Lord Krishna

Lord Krishna

Divine Teacher

The Supreme Lord, the charioteer and divine guide of Arjuna. Krishna delivers the eternal wisdom of the Gita, revealing the nature of the soul, duty, and the path to liberation.

Speaking: Chapter 18, Verse 29

29

Verse 29

The Yoga of Liberation through Renunciation

Hear now the threefold distinction of intellect (buddhi) and also of fortitude (dhrti), according to the Gunas, expounded separately and completely, O Dhananjaya.

Context & Meaning

The guna-analysis now extends to two more inner faculties: buddhi (the intellect — the capacity for discernment, judgment, and understanding) and dhṛti (fortitude — the quality of inner strength that sustains one through challenges). These are among the most important faculties in the Gita's psychology: buddhi is the instrument of right discrimination between the real and the unreal, the eternal and the transient; dhṛti is what allows one to hold to what is good when everything else pulls against it.

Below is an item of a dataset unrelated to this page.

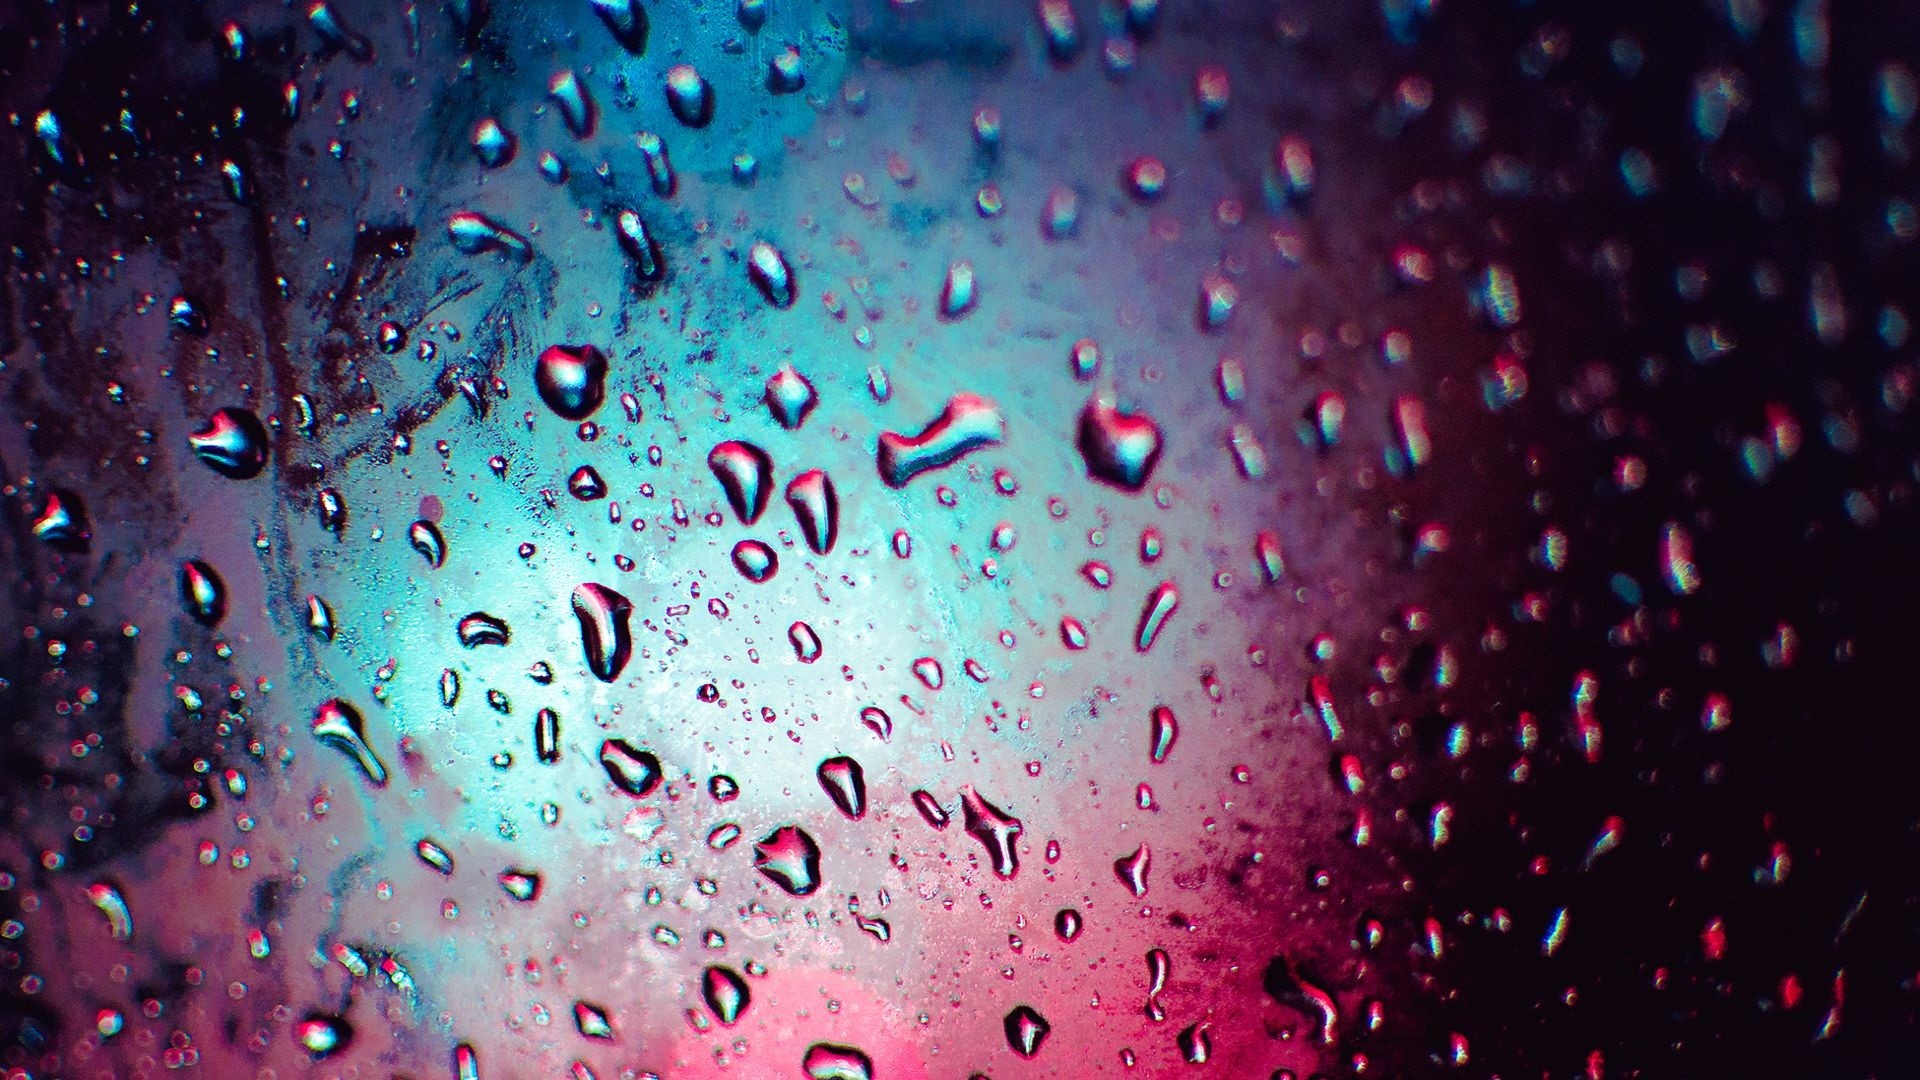 1920x1080 Find out: Water Drops On Glass wallpaper on http://hdpicorner.com

To understand how sattva, rajas, and tamas express themselves through these faculties is to gain a precise diagnostic tool for one's inner condition.

Scholar Commentaries

1 commentary · Public domain

Ramanujacharya

Vishishtadvaita

Buddhi and dhṛti are the two inner faculties most directly involved in the practice of devotion. Sattvic buddhi sees God in all things and discerns the right action in every situation; sattvic dhṛti holds the mind steady in that vision even when emotion, fatigue, or the world's pressures push against it. For the Vishishtadvaita path, the cultivation of sattvic buddhi and sattvic dhṛti is not an end in itself but the precondition for the deepest devotion — the kind that is not shaken by any circumstance because it rests on direct perception of the divine rather than on belief.